Webb, at the age of five, began dancing lessons; two years later, he made his official debut in Carnegie Hall as a member of the Children’s Theater in a performance of Canadian author Palmer Cox’s children series “The Brownies”. This was followed with a vaudeville tour in which Webb appeared in “The Master of Charlton Hall” and performed as Oliver in “Oliver Twist” and as Tom Sawyer in “Huckleberry Finn”. As a young teenager, he studied painting with Realist artist Robert Henri, a pioneer of the Ashcan School, and music with French operatic baritone Victor Maurel. His studies with Maurel led to Webb’s debut in 1906 with Boston’s Aborn Opera Company’s production of Ambroise Thomas’s “Mignon”.

Returning to New York, Clifton Webb teamed with Mae Murray in a ballroom dance act; they toured a chain of vaudeville theaters known as the Keith Circuit and performed in Manhattan restaurants. Webb had his Broadway debut in April of 1913 with the premiere of “The Purple Road” at the Liberty Theater, in which he played the role of Bosco for one hundred-thirty six performances. Between 1913 and 1917, Webb was continually on the Broadway stage and appeared in such vehicles as Sigmund Romberg’s “Dancing Around”, Ned Waybum’s all-star revue “Town Topics” , and Cole Porter’s comic opera “See America First”. 

In 1917, Webb was the sensuous dancing star of “Love O’Mike”, a musical comedy produced by Lee Shubert and Elisabeth Marbury, a theatrical agent who lived in an open relationship with actress and famous interior decorator Elsie de Wolfe, also known as Lady Mendl. By the middle of the 1920s, Webb was one of Broadway’s highest-paid stars and reached his apex with the 1930 “Three’s a Crowd” and the very successful 1933 “As Thousands Cheered”, which featured the steamy torch song “Moanin’ Low” sung by Webb and actress Libby Holman. 

In 1935, Webb relocated to Hollywood where Metro Goldwyn Mayer, who hoped to make Webb a successful dancing star like RKO’s Fred Astaire, gave him an eighteen-month contract at three-thousand dollars a week. He was to star opposite Joan Crawford in a musical entitled “Elegance”; the picture was abandoned, however, Webb was paid all his money. For the next eighteen months, he was not offered any work but made many high-profile social appearances. He  often appeared wearing white gloves and a top hat, with his mother Mabel on his arm and his poodle Ernest, after Oscar Wilde’s “The Importance of Being Earnest”, trailing behind on a leash.  

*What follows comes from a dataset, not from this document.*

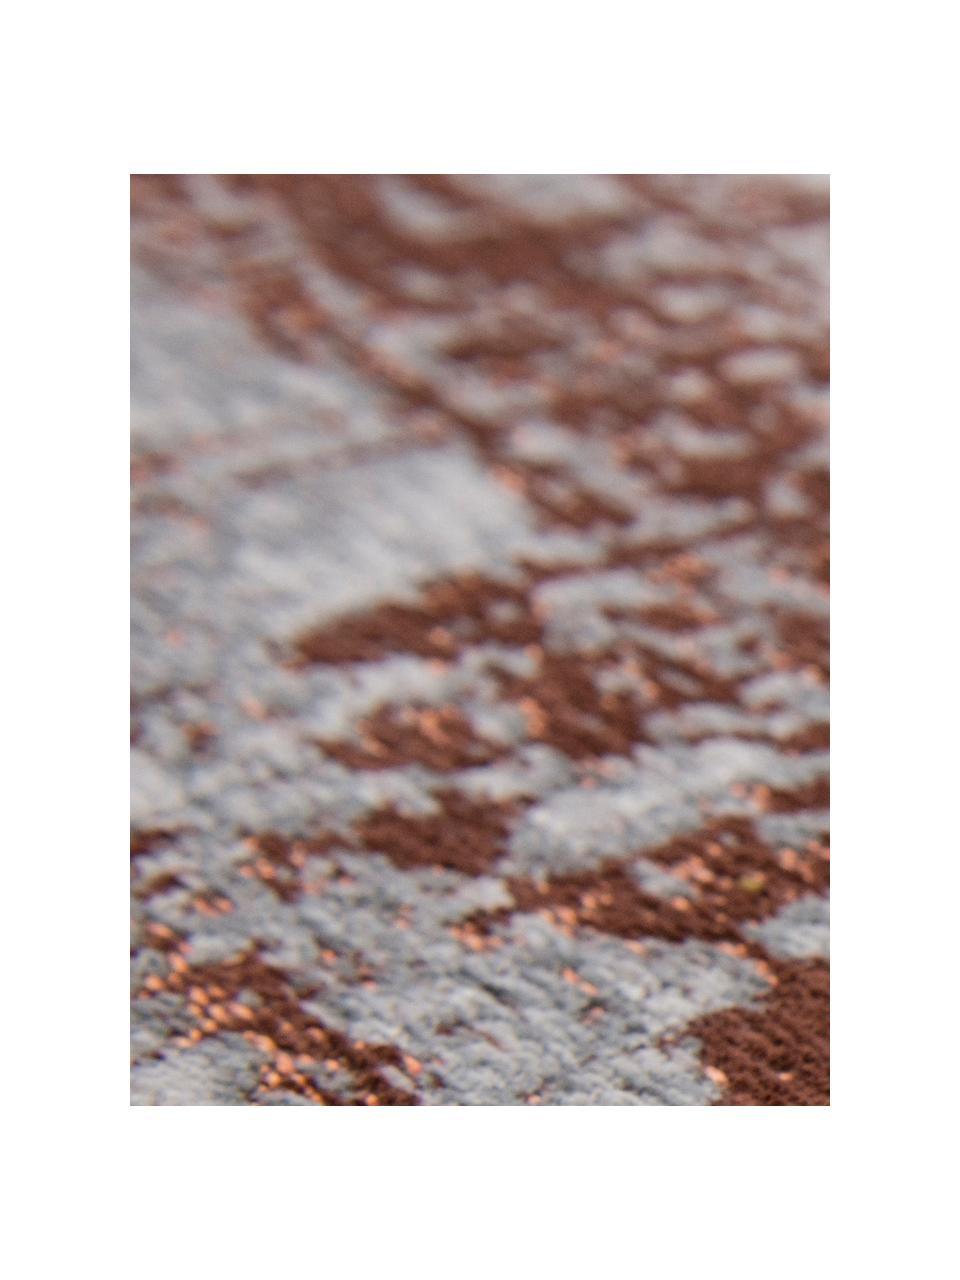 Design vloerkleed Griff in vintage stijl, Bovenzijde: 85%katoen, 15%hoogglanz, Weeftechniek: jacquard, Onderzijde: katoenmix, gecoat met lat, Bovenzijde: grijs, koperkleurig, gebroken wit, B 140 x L 200 cm (maat S)

In 1938, Clifton Webb returned to New York’s Broadway in “You Never Know”, written by his longtime friend Cole Porter. The stage version of “The Man Who Came to Dinner”, starring the stage and film actor Monty Woolley, premiered in the fall of 1939. Webb was cast as the acidic character Sheridan Whiteside for its touring version, a role in which he remained for eighteen months. In 1941, he played the character Charles Condomine, a successful novelist curious about seances,  in the initial performances of Noël Coward’s comic play “Blithe Spirit”.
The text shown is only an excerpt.